Обратного адреса на конверте не оказалось. Может быть, потому что написано письмо было накануне переезда, не знаю. И писем, кроме этого единственного, больше не было.


Через год у нас родился сын, что совпало с годовщиной падения Берлинской стены, и Курт, прилетевший в Москву по случаю и того и другого, заставил всю прихожую коробками с невиданным дефицитом: памперсами, детской одеждой, банками с ветчиной, сардинами, сухим молоком, кофе и чаем.

Он вдыхал теплый младенческий запах, которым уже пропиталась вся квартира, и сетовал на то, что его дети выросли, а до внуков еще, видать, далеко. Он пил талонную водку, которая по-прежнему в несколько рядов стояла под кухонным столом, закусывал своими сардинами и нашими солеными огурцами и говорил, что теперь, после всего, каждый немец просто обязан взять на содержание хотя бы одного русского, а он берет нас троих, потому что понимает, во что, конкретно нам, обошлась его свобода.

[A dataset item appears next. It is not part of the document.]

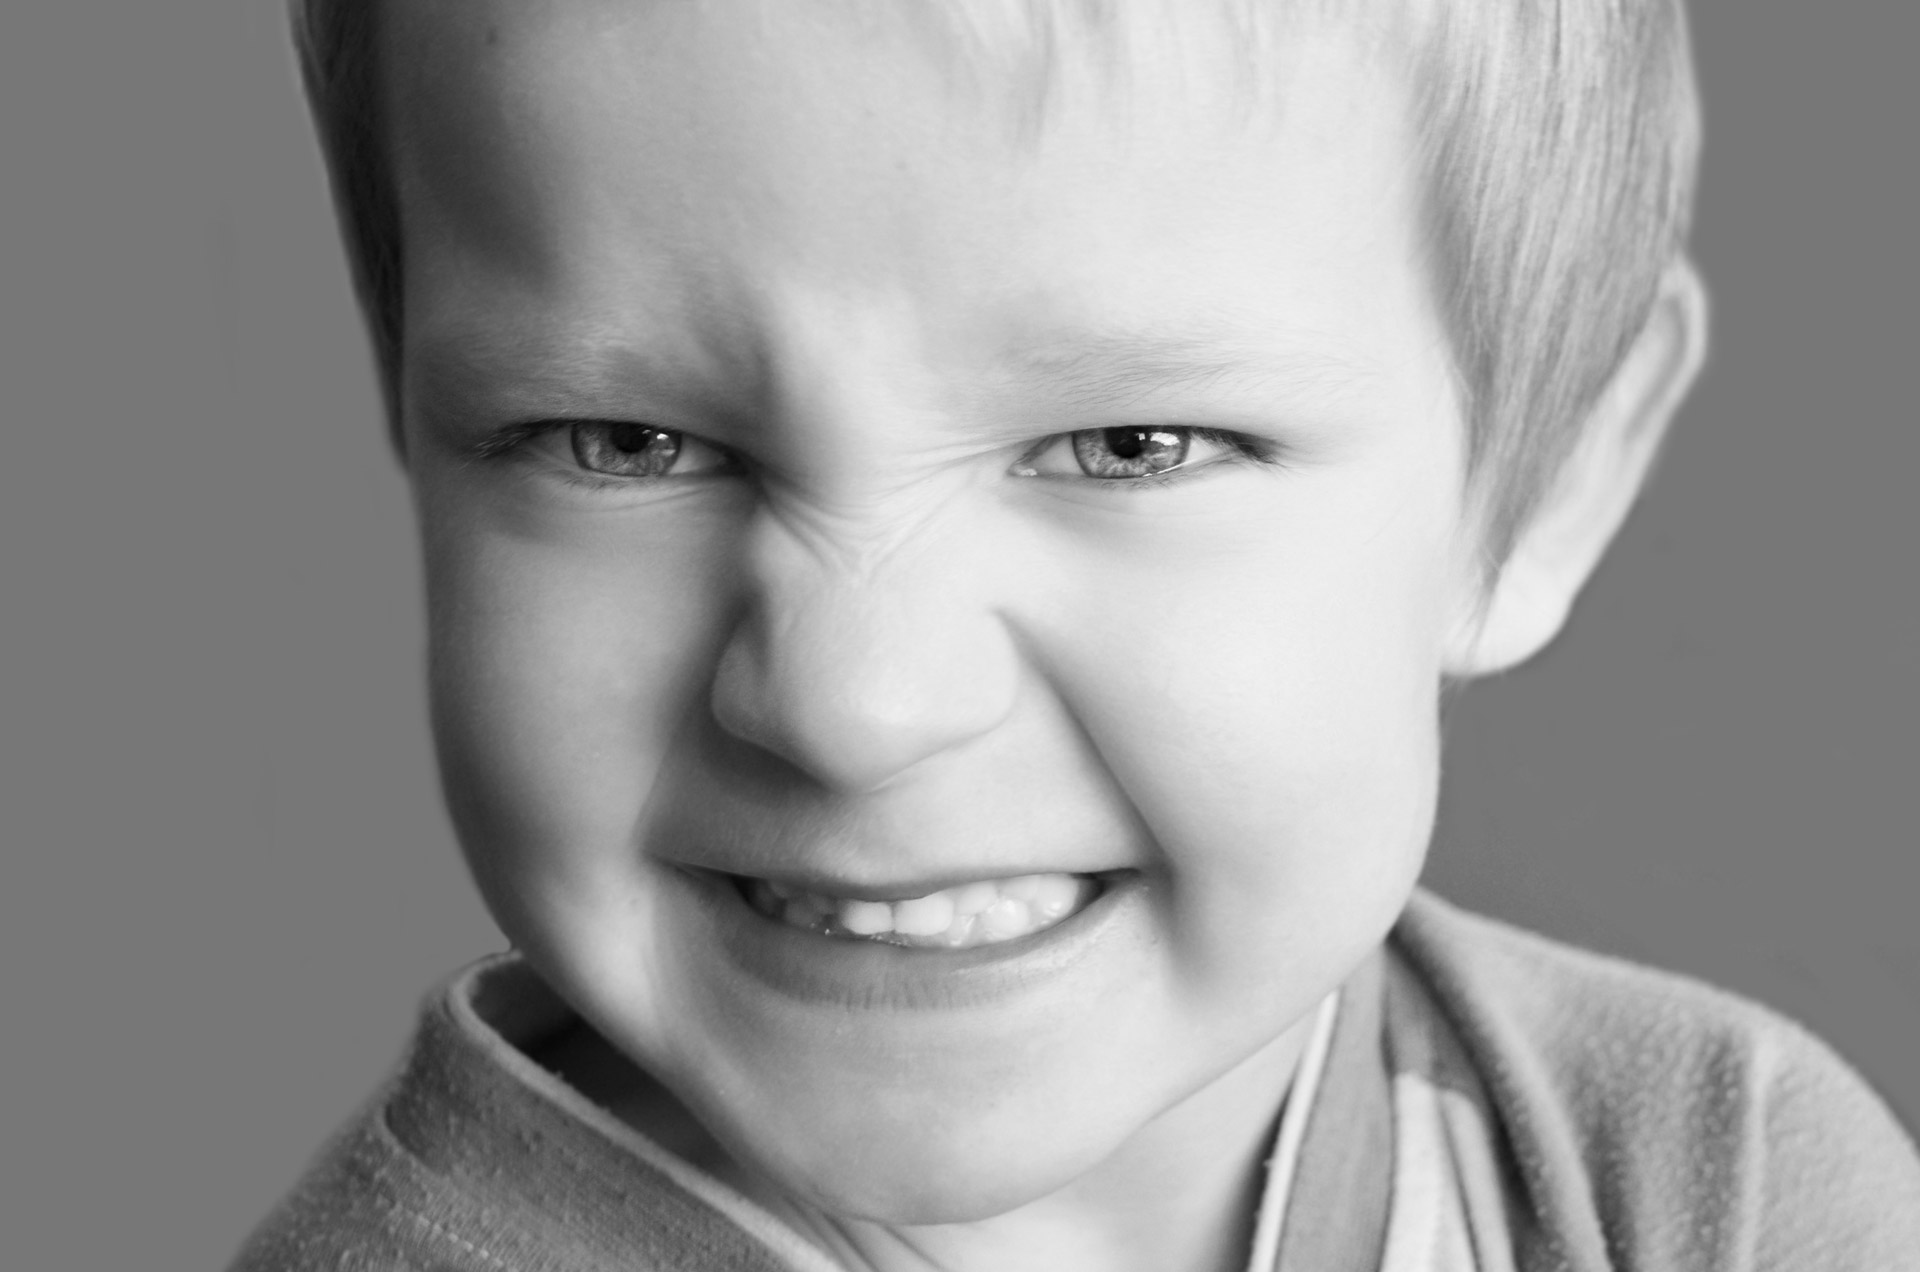 snarling child frown free photo

Ближе к вечеру пришли Кирилл с поэтессой, и, пока мальчик спал, мы сидели на кухне и обсуждали идею создания частного издательства, и Кирилл со знанием дела уверял, что ближайшие десять лет это будет прибыльный бизнес.

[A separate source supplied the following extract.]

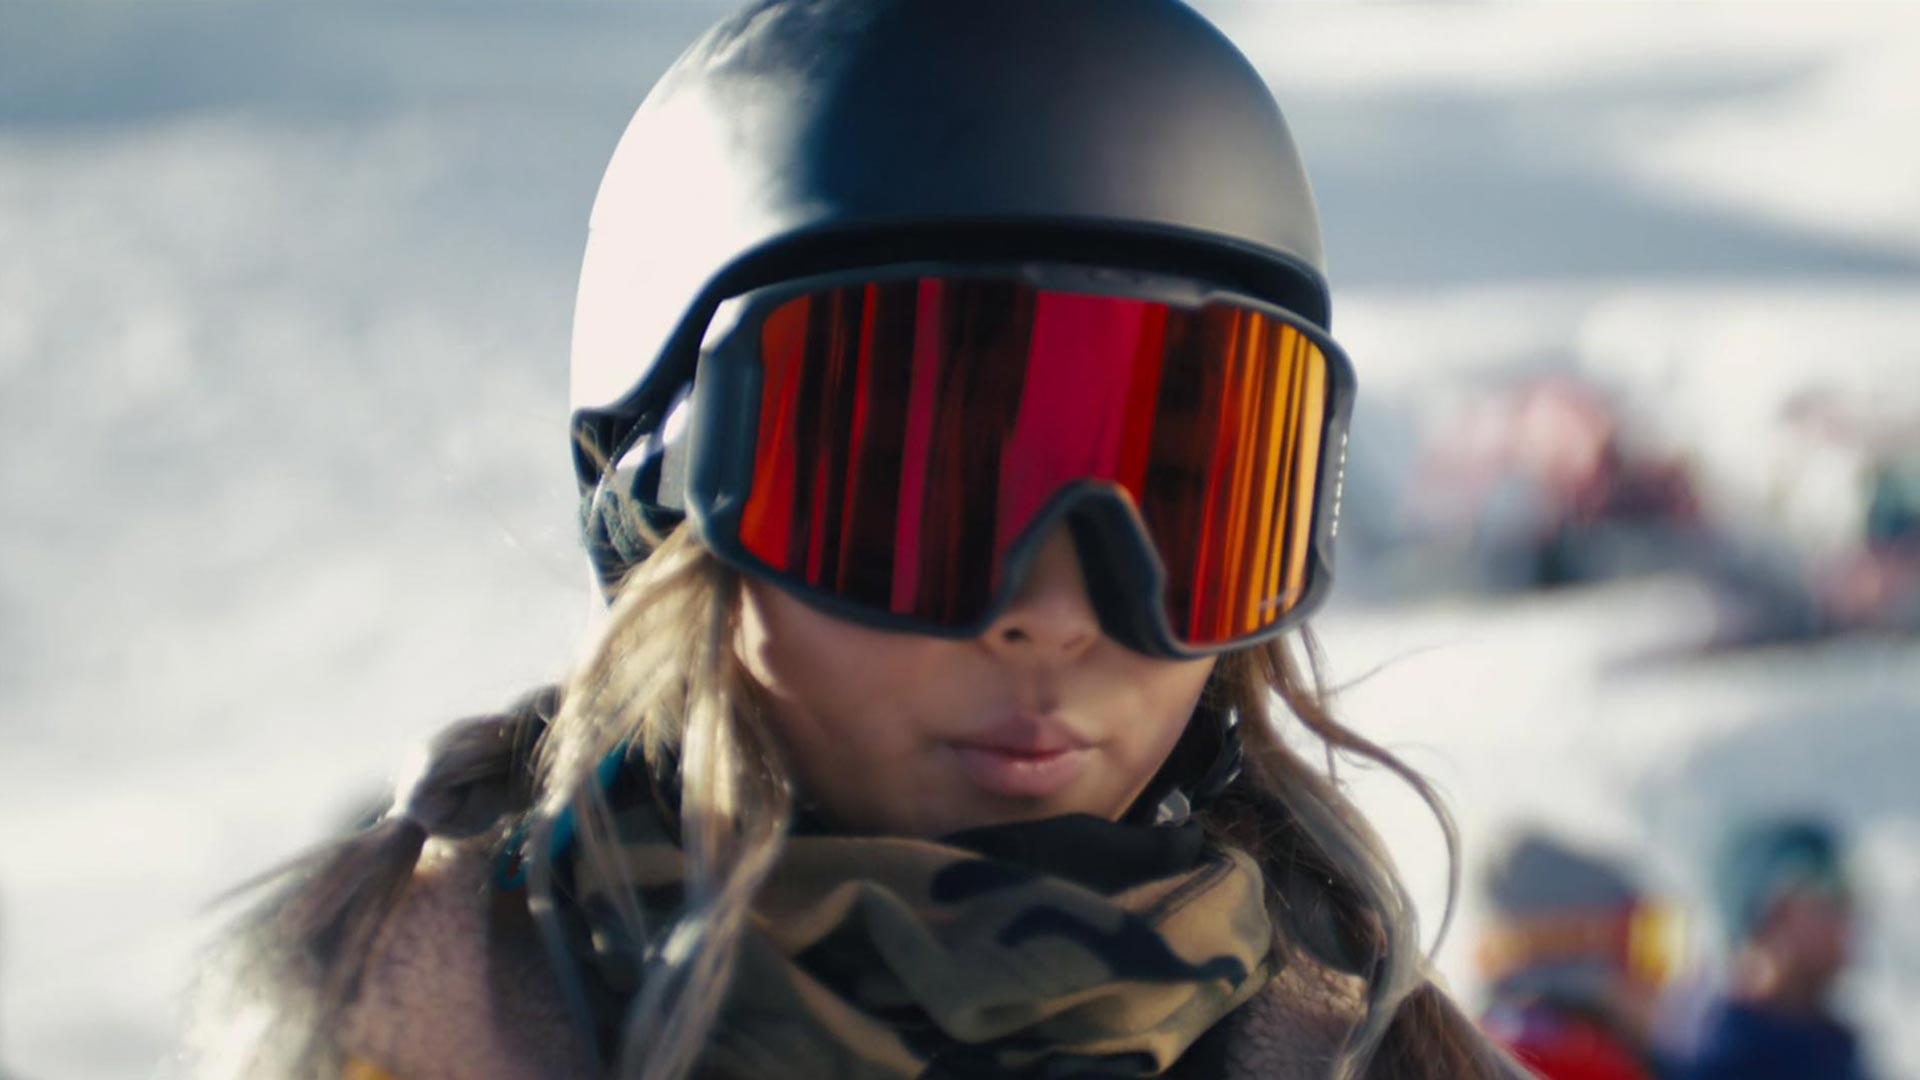 Watch Chloe Kim's Best of US Super Bowl commercial

Уж не знаю, до каких золотых гор вы там договорились, потому что ушла к ребенку, и поэтесса пошла со мной. Она сидела напротив меня и смотрела, как я кормлю. А потом вдруг сказала, что давно пора завязать с этим типом и, пожалуй, именно сейчас она это и сделает. Она вернулась в кухню, выпила подряд три рюмки водки, послала Кирилла к чертовой матери и, предупредив, чтобы он больше не звонил, ушла, хлопнув дверью.


Инстинкты сделали меня другой, такой, какую сама себя я не знала. Я не чувствовала любви к ребенку, я пока не научилась любить его, я была механизмом, обеспечивающим его жизнедеятельность, механизмом, который привела в действие сила, способная манипулировать мною. В те дни, недели и месяцы я не принадлежала себе, как никогда, но почему-то именно это внушало надежду, успокаивало. Ни до, ни после присутствие высшей воли не было явлено мне с такой очевидностью.

Я чувствовала вокруг детского тельца нечто вроде ауры, которая, как шагреневая кожа, таяла по мере роста ребенка, впитывалась в него, сосредоточивалась в нем, становилась им. Его сущность возникала на глазах буквально из воздуха.

Но теперь мне открылся и обратный процесс, который происходил с людьми, шагнувшими во вторую половину жизни. Я видела, что передо мной был не один человек, а множество отброшенных в пространство проекций: так постепенно начиналось рассредоточение, возвращение в исходную среду.


Лежа на нашей узкой кровати, я кормила ребенка, а ты смеялся и говорил, что этот маленький негодник все у тебя отнял. Нет, нет, говорила я, просто меня пока не хватает на двоих, осталось немного потерпеть, и я брала твои руки и прижимала к своему лицу.

В августе ты отвез нас на месяц в Питер, к моим родителям, а сам уехал в Москву. Накануне твоего отъезда я обнимала тебя и радовалась близости и уже не отстранилась, когда ты стал целовать мою грудь, еще полную молока.


Через неделю я начала томиться, мне стало не хватать тебя, это было чувство, возвращения которого я так ждала. Выдержав еще день, я пошла и поменяла билет.

Ночью перед отъездом, лежа в постели, я думала о том, какое счастье, какое невозможное счастье начнется послезавтра.

Рано утром раздался телефонный звонок. Я вышла в прихожую, взяла трубку, и твой отец сказал, что ты умер этой ночью.

Нет, не так прямо, конечно.

Сначала он сказал, что как хорошо, что завтра я уже буду дома, что мое присутствие здесь необходимо. И тогда я стала повторять как заведенная, скажите, что случилось, пожалуйста, скажите, что случилось, скажите прямо сейчас. У меня сил не было ждать того, что он все собирался мне сказать и никак не мог решиться, и я торопила его. Вот тогда он и сказал, что ты умер.